◆ **DATASET CONTENT**:
- - -

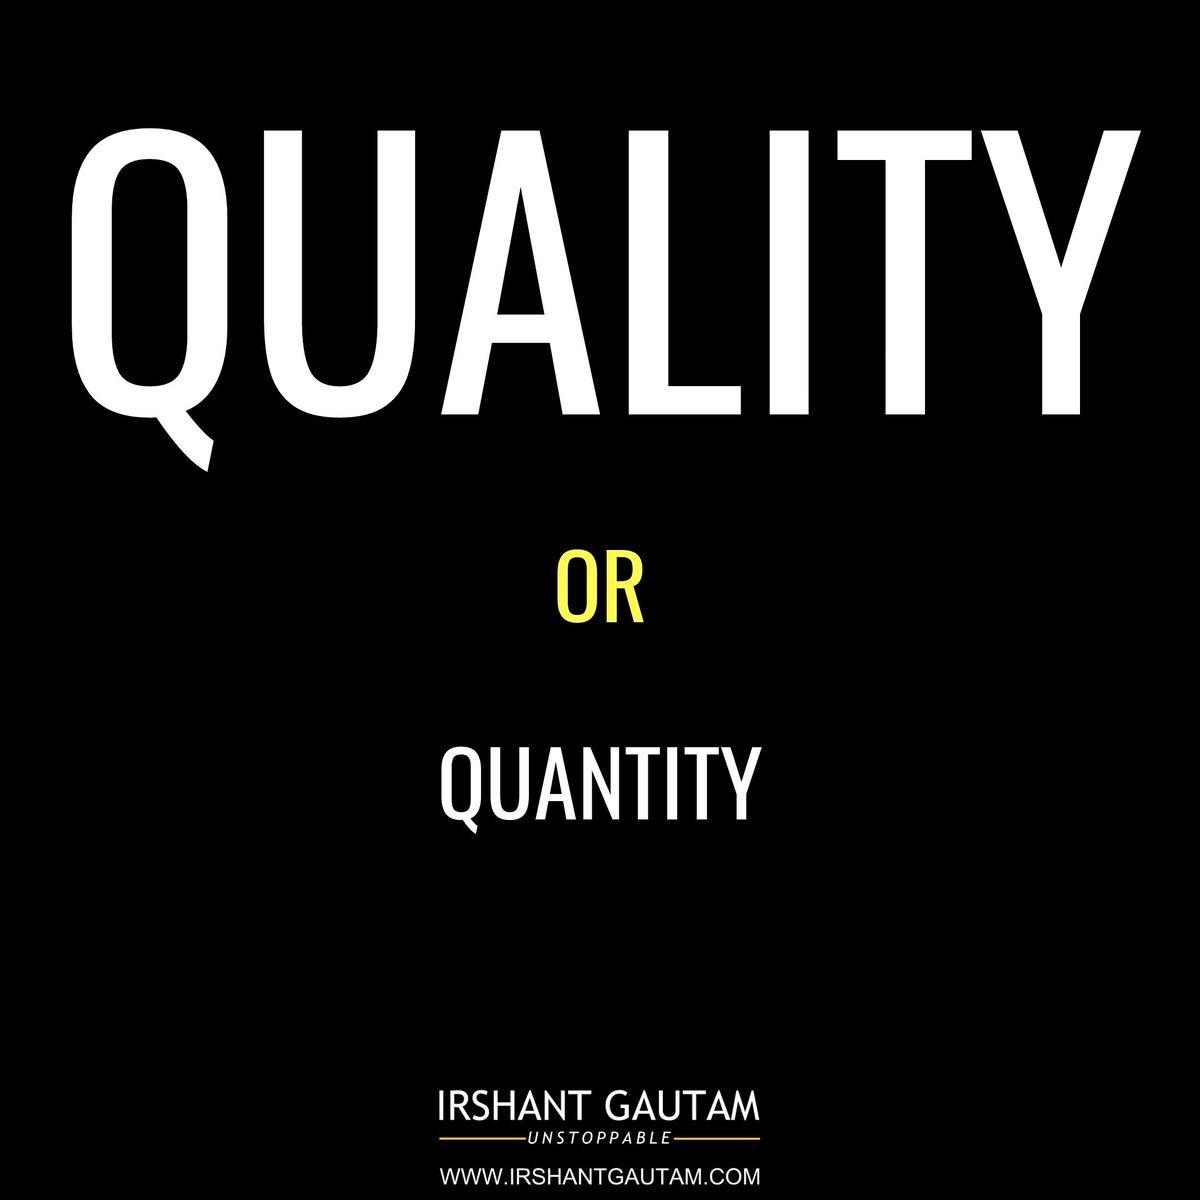 #qualitynotquantity #qualityoverquantity #qualityproduct #qualitycontent #qualitytime❤️ #qualitybags #qualityclothing #qualitynails #qualitywork #qualitytimewithfamily #qualityfood #qualitygoods #qualityproducts #qualitytime #qualitymusic #qualitymatters #qualityhair https://t.co/SZLSQ6yrIk
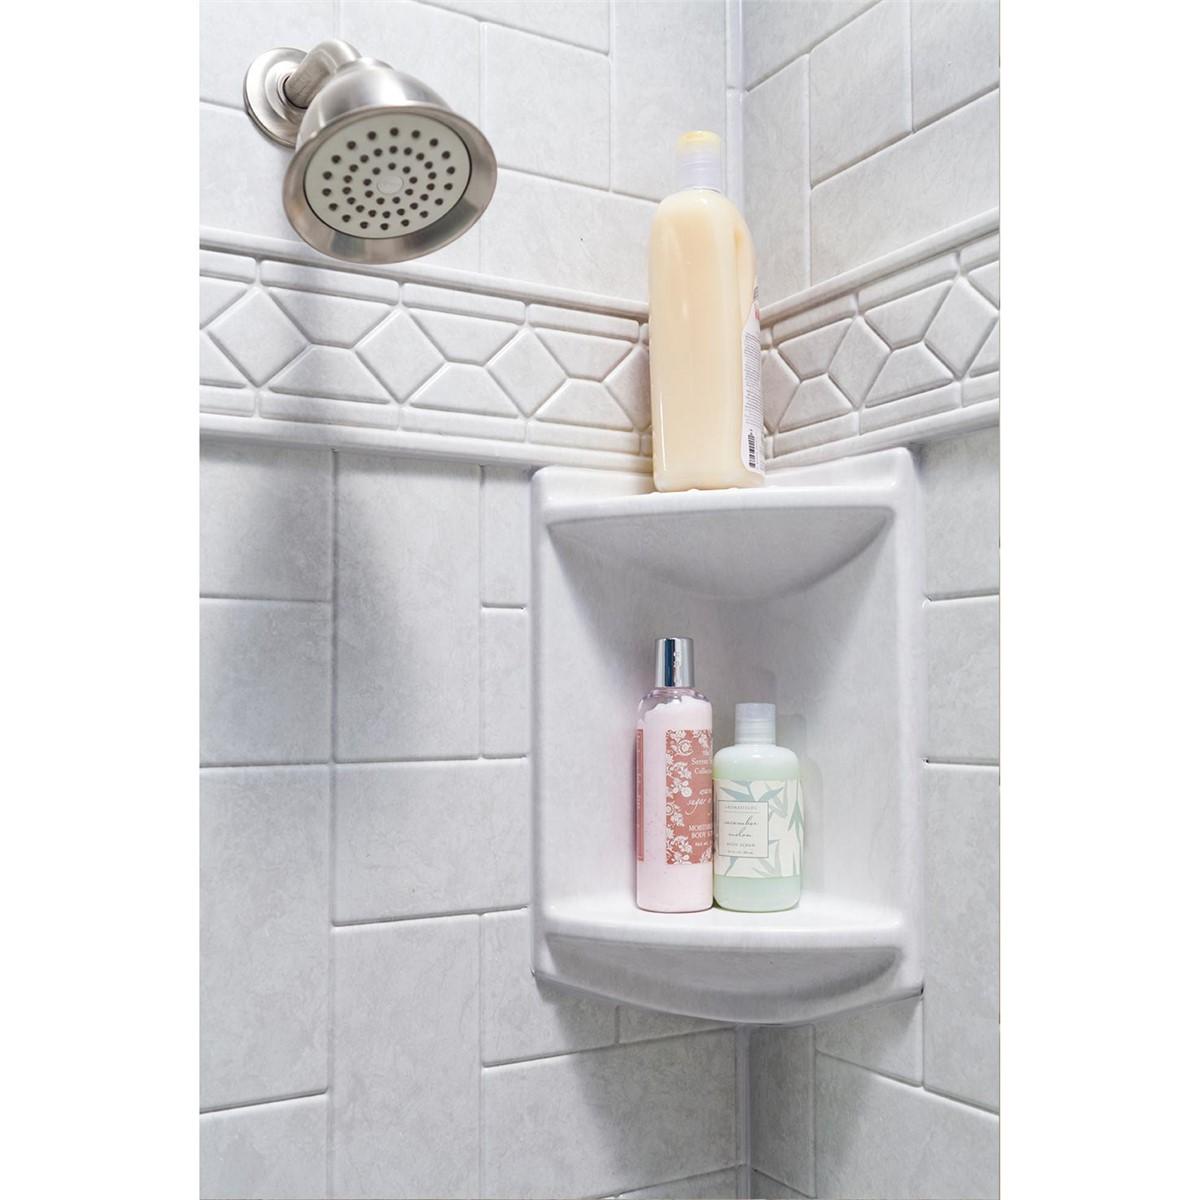 Bath & Shower Accessories | Bath Remodeling Accessories | Bath Planet
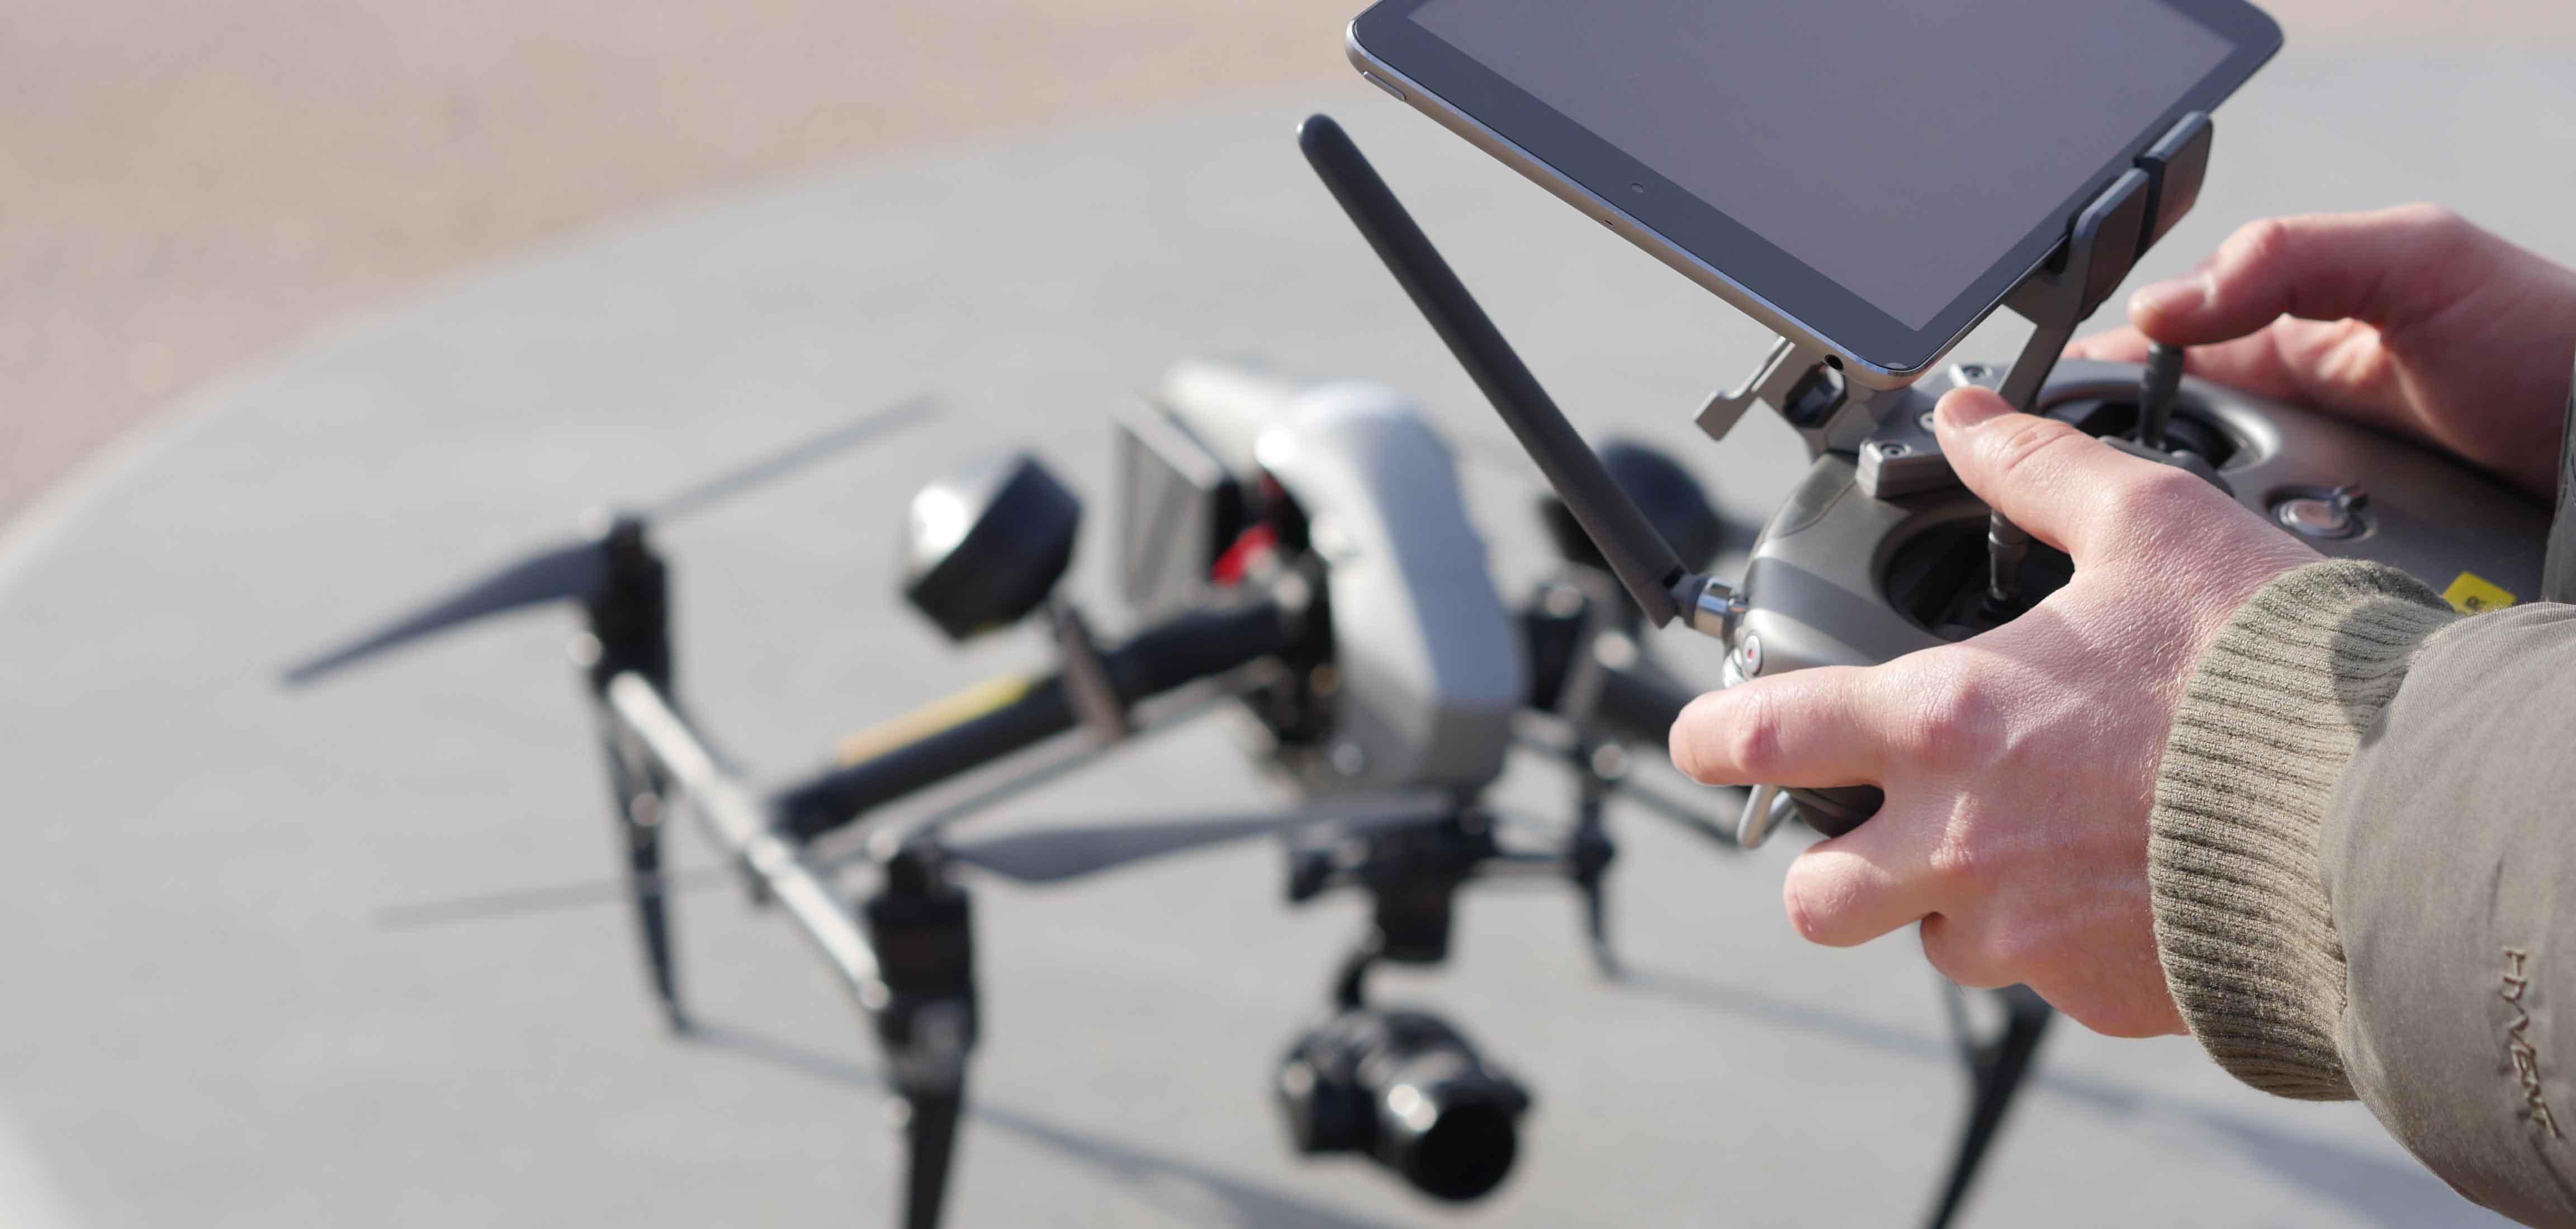 Drone a Lyon et pilote

- - -

◆ **REQUIRED ACTION**: Find the line with "Bath & Shower" in the listing above, then write it out along with every later line through the last one, exactly, omitting pictures.

◆ **OUTPUT**:
 Bath & Shower Accessories | Bath Remodeling Accessories | Bath Planet
 Drone a Lyon et pilote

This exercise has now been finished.